OPEC in 2016 sought to regain influence by forming an alliance with 10 non-members, including Russia, which it called OPEC+.

As a result, its market share increased to around 51.15 million bpd, or nearly 50 per cent of global oil and oil liquids production, in 2025, according to the International Energy Agency. In March, a month into the Iran war, that share fell to about 44 per cent.
U.S.-Iran war reduces UAE production

Before the start of the U.S.-Iran war at the end of February, the UAE was producing 3.3 million bpd and had capacity to be able to produce as much as 4.5-5.0 million bpd of crude and oil liquids.

Its importance in OPEC in the past was increased because, together with leading OPEC member Saudi Arabia, it had spare capacity that it could add to the market if required.

That has become academic since the unprecedented oil market disruption caused by the effective closure of the Strait of Hormuz since the Iran war.

Gulf OPEC+ crude oil production fell by nearly 8 million barrels per day in March versus February as Saudi Arabia, the UAE, Kuwait and Iraq cut output, according to OPEC.


The cuts were necessary because they were limited in how much they could export, although both have some ability to bypass the Strait of Hormuz.

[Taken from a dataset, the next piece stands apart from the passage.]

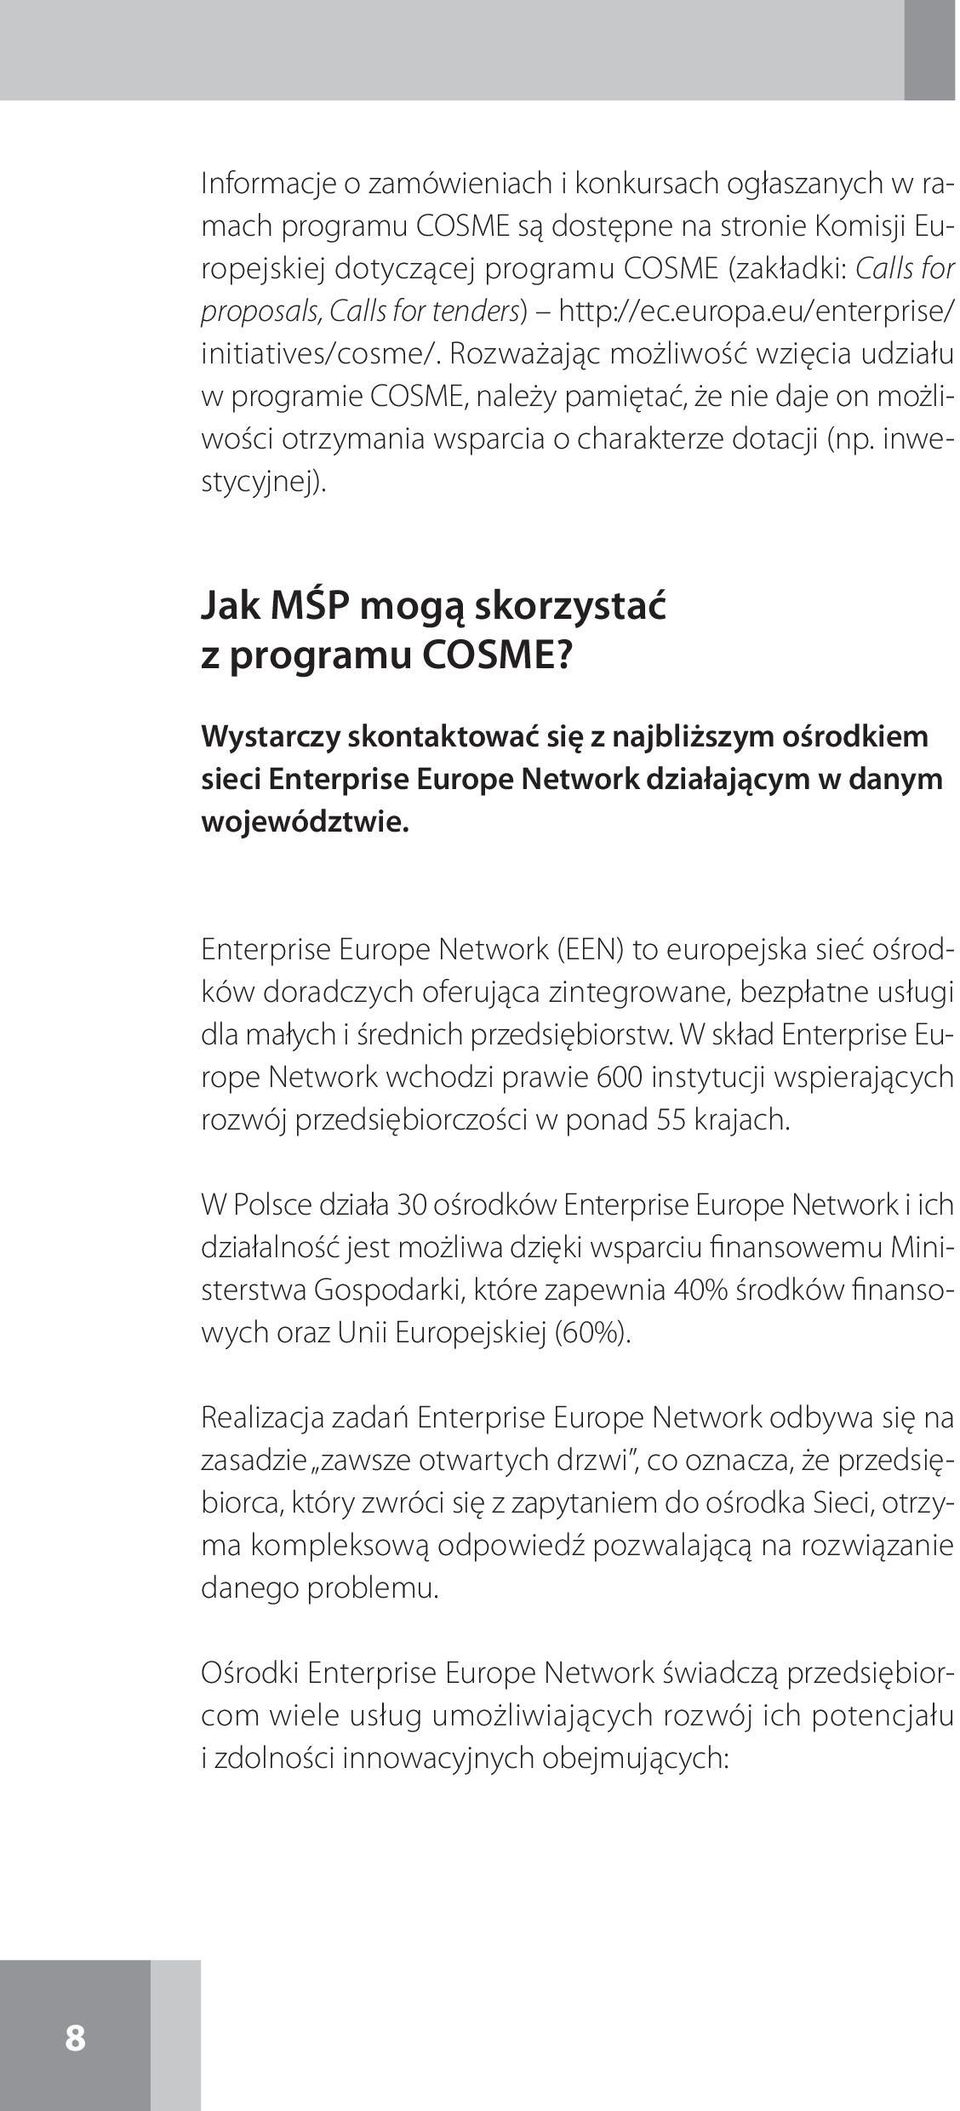 inwestycyjnej). Jak MŚP mogą skorzystać z programu COSME? Wystarczy skontaktować się z najbliższym ośrodkiem sieci Enterprise Europe Network działającym w danym województwie.

Saudi Arabia has a 7 million bpd pipeline to the Red Sea while the UAE can export 1.5-1.8 million bpd through a pipeline to the port of Fujairah.
OPEC and global oil prices

OPEC+ says it cuts and raises oil production to balance the markets.

Its critics say the group manipulates prices, which OPEC denies.

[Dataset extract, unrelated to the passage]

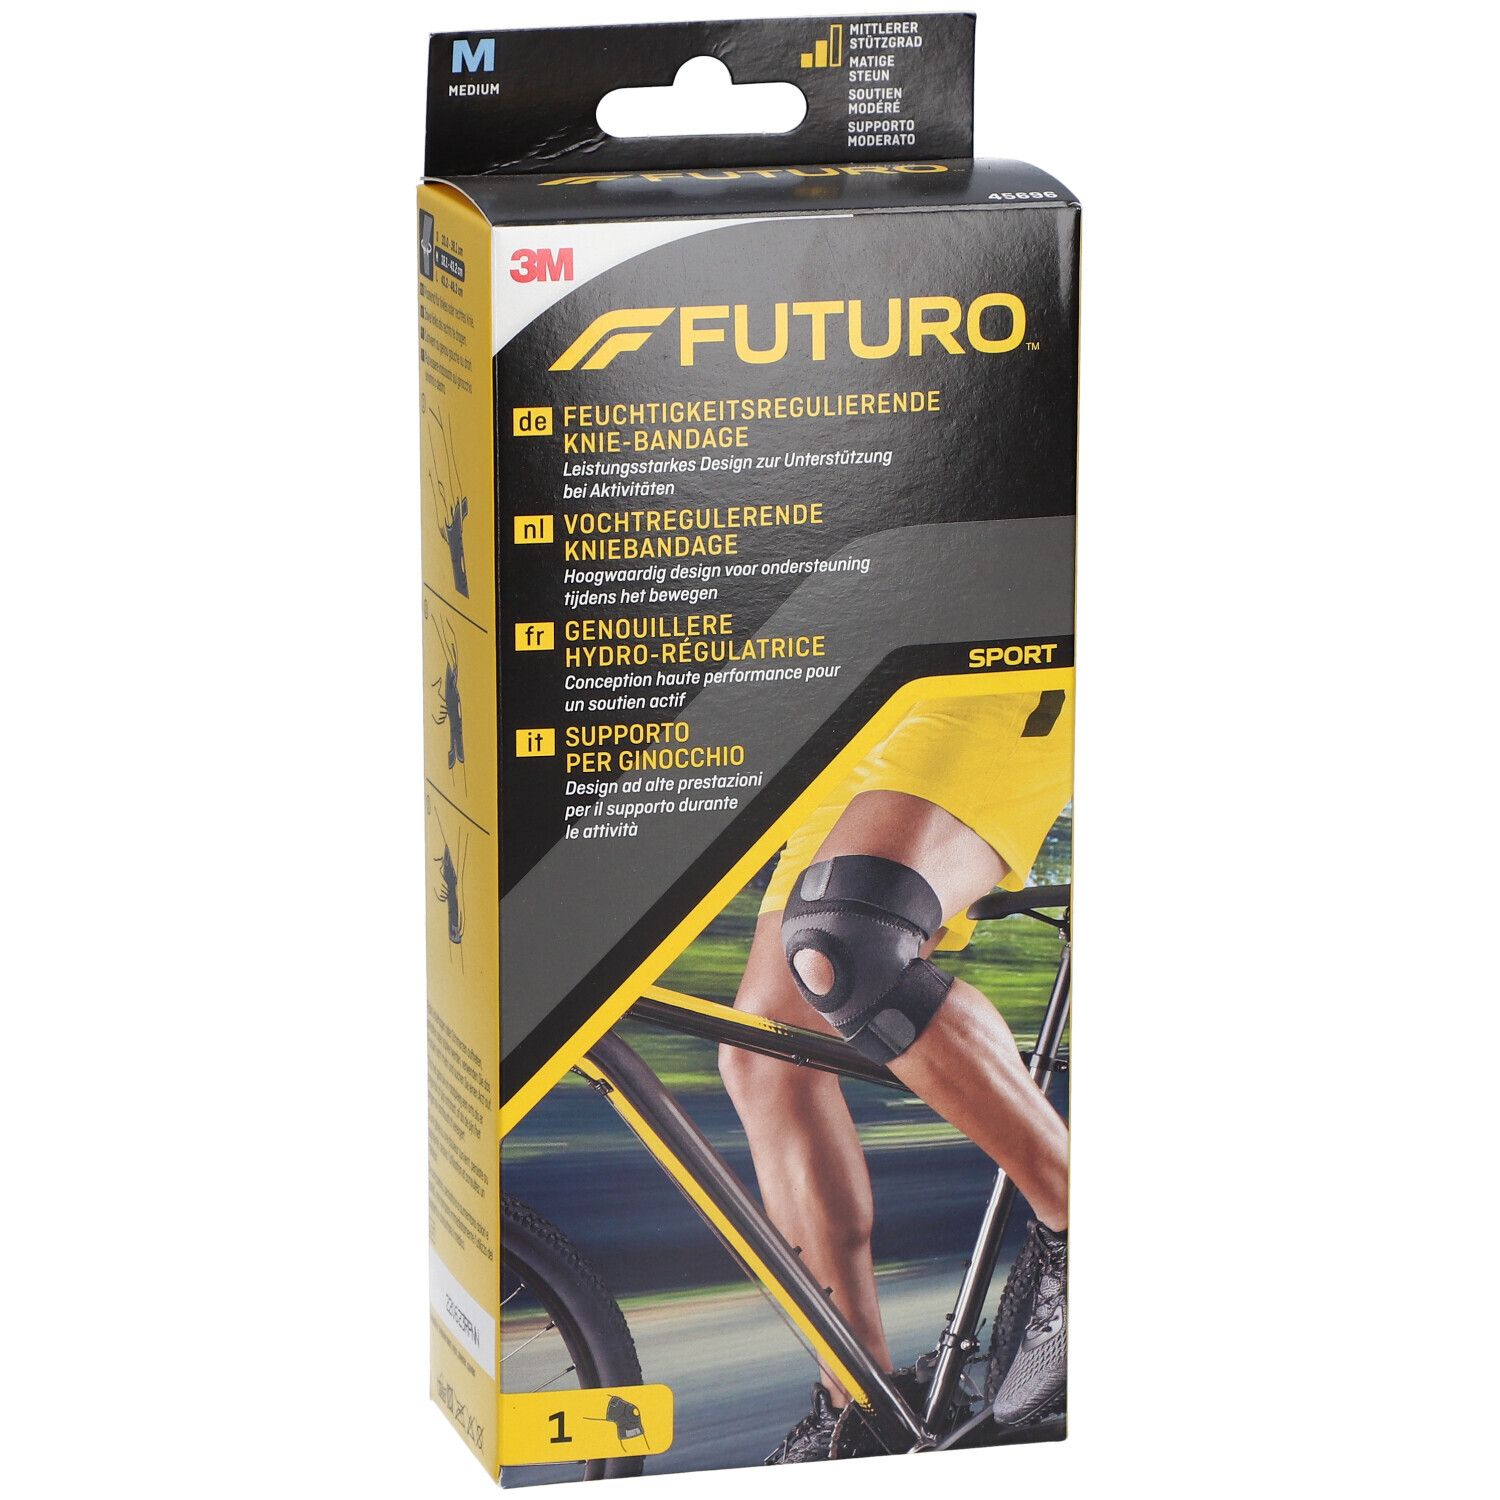 FUTURO™ Sport feuchtigkeitsregulierende Knie Bandage M

During the 1973 Arab-Israeli War, Arab members of OPEC imposed an embargo against the United States in retaliation for its decision to re-supply the Israeli military, as well as other countries that supported Israel. The embargo banned petroleum exports to those nations.

The oil embargo pressured an already strained U.S. economy that had grown dependent on imported oil. Oil prices jumped, causing high fuel costs for consumers and fuel shortages. The embargo also brought the United States and other countries to the brink of a global recession.

U.S. President Donald Trump has accused the organization of “ripping off the rest of the world” by inflating oil prices. Trump has also linked U.S. military support to the Gulf with oil prices, saying that while the U.S. defends OPEC members, they “exploit this by imposing high oil prices.”

However, it was Trump who helped to convince OPEC+ to cut output in 2020 during the COVID pandemic as crude oil prices slumped and U.S. oil producers suffered.

In 2025, OPEC crude exports accounted for about 47 per cent of global crude seaborne exports, according to Kpler. In March, that share shrunk to 34.7 per cent, Kpler data show.
Which countries are OPEC members?

The current members of OPEC are: Saudi Arabia, United Arab Emirates, Kuwait, Iraq, Iran, Algeria, Libya, Nigeria, Congo, Equatorial Guinea, Gabon and Venezuela. The UAE said it would leave the group on May 1.

Non-OPEC countries in the global alliance of OPEC+ are represented by Russia, Azerbaijan, Kazakhstan, Bahrain, Brunei, Malaysia, Mexico, Oman, South Sudan, Sudan and Brazil, which joined in early 2025.